Nick Rhoades: About a week after the conference was over, the timing was just a little bit off, nonetheless, it’s fantastic. My conviction was overturned by the Iowa Supreme Court. Yeah. Thank you… It’s kinda groundbreaking, their decision, and I, first of all, think that it’s going to have an effect beyond Iowa’s borders, but it basically said that there has to be more than a theoretical chance of transmission to be prosecuted under the law. And previously, that’s not been the case. Basically, it was just if you didn’t disclose, and you had sex, that that would be enough to convict someone. So, for the first time, they basically said that factors such as using protection, being on antiretroviral medication, having an undetectable viral load specifically, should affect whether or not prosecution is able to happen.

Senator McCoy took the opportunity to urge parliamentarians to rethink how they treat HIV in a criminal context.

Matt McCoy: Many of these laws went into effect in the United States during the AIDS crisis and the scares that society had around the issue, and in many cases they were put into effect using a one-size-fits-all measure. And so this is a great opportunity to go back and to revisit that and to realise that our laws are subject to change and should be subject to change.

Science can change laws and limit prosecutions

A number of countries in Europe have also recently revisited their criminal laws, policies or practices. A poster, Developments in criminal law following increased knowledge and awareness of the additional prevention benefit of antiretroviral therapy, presented at AIDS 2014 by the HIV Justice Network, showed where and how this has taken place.

Edwin Bernard: We have to salute the Netherlands, the very first place in the world that actually, way before the Swiss statement, between 2004 and 2007, managed to change the application of the law through a variety of Supreme Court rulings, but also because of advocacy that happened with advocates and healthcare workers and people in the community who limited the role of the criminal law to only intentional exposure or transmission. Denmark was the only country in Western Europe that had an HIV-specific criminal law, and a huge amount of advocacy went on behind the scenes and that law was suspended in 2011 based on the fact that the law was about a serious, life-threatening illness, and the reality was that in Denmark, people living with HIV have exactly the same life expectancy as people without HIV. And so the law just couldn’t apply anymore. And so, we hope that the places like Denmark and the Netherlands will provide inspiration for the rest of us.
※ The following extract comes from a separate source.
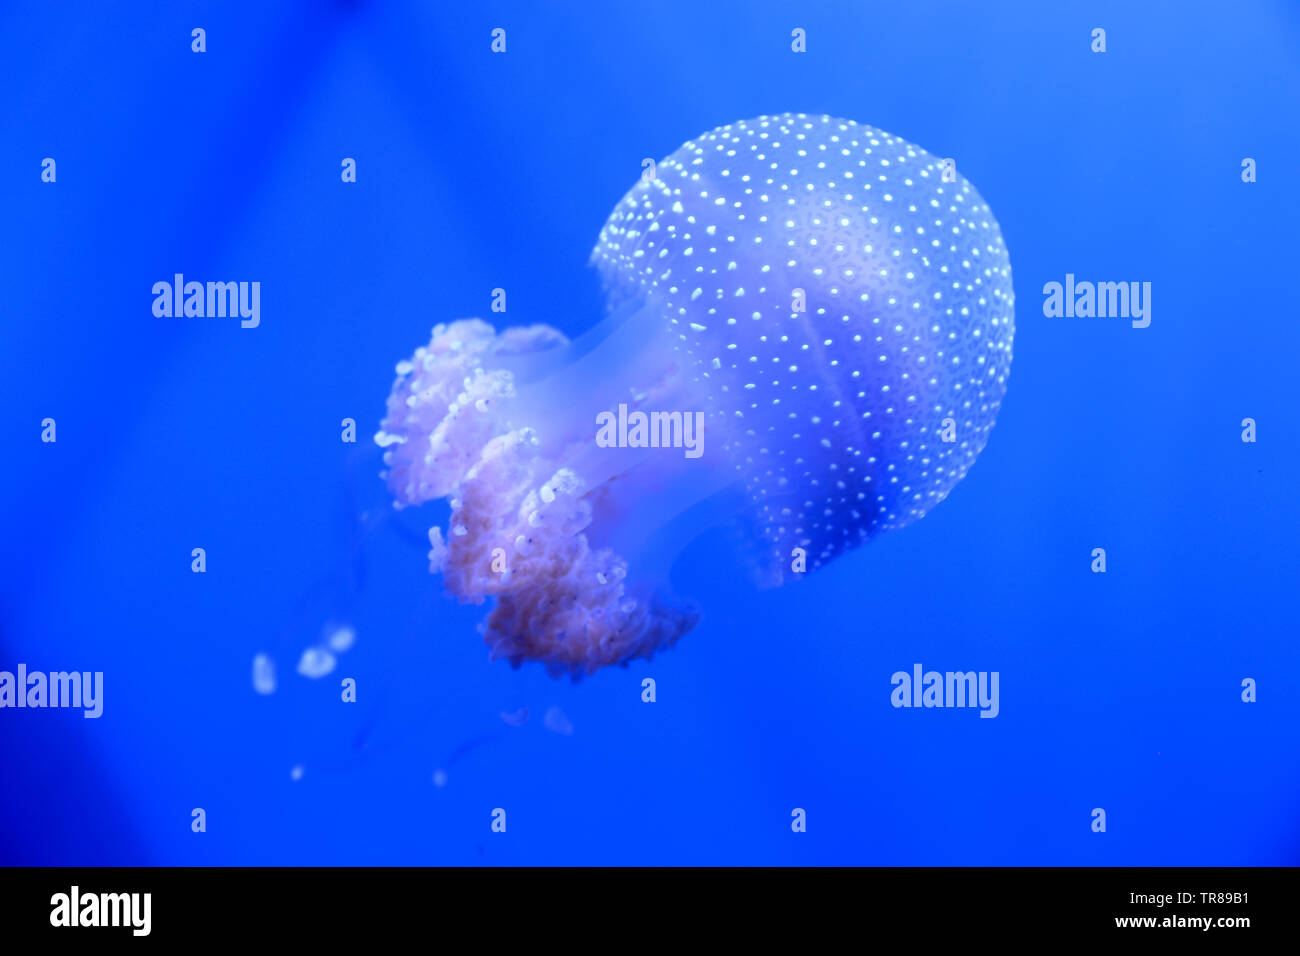 White-spotted meduse nuotare intorno come una campana galleggiante come è noto anche come. Foto Stock

Urgent need to focus on global South

But with two-thirds of all HIV-specific criminal laws enacted in the global South, there is now an urgent need to re-focus our efforts.

Patrick Eba: For a long time, we have been saying that there is no prosecution happening in the Global South, particularly in Africa, because we were lacking the information to be able to point to those instances of criminalisation. In fact, there is a lot of prosecution that is happening, and in the past year, if you look at the data that is being maintained by the HIV Justice Network, it is clear. We’ve seen the case in Uganda. We know of a decision that came out some time late last year in South Africa. We know of a number of cases in Kenya, in Gabon, in Cameroon [and especially in Zimbabwe]; and these really show that where we celebrate and are able today to know what is happening in the Global North, our lack of understanding of the situation in the Global South is one that requires more attention.

Dora Musinguzi: Uganda is right now grappling with lots of human rights and legal issues, and it’s going to be such a high climb to really convince our governments, our people, government agencies to make sure that we really have this reform of looking at HIV from a human rights angle, public [health] angle, gender justice angle, if we are going to achieve the gains that we have known to achieve as a country. …But we stand strong in this, we are not giving up. We are looking to a future where we shall challenge this criminalisation, and we hope to come back with a positive story.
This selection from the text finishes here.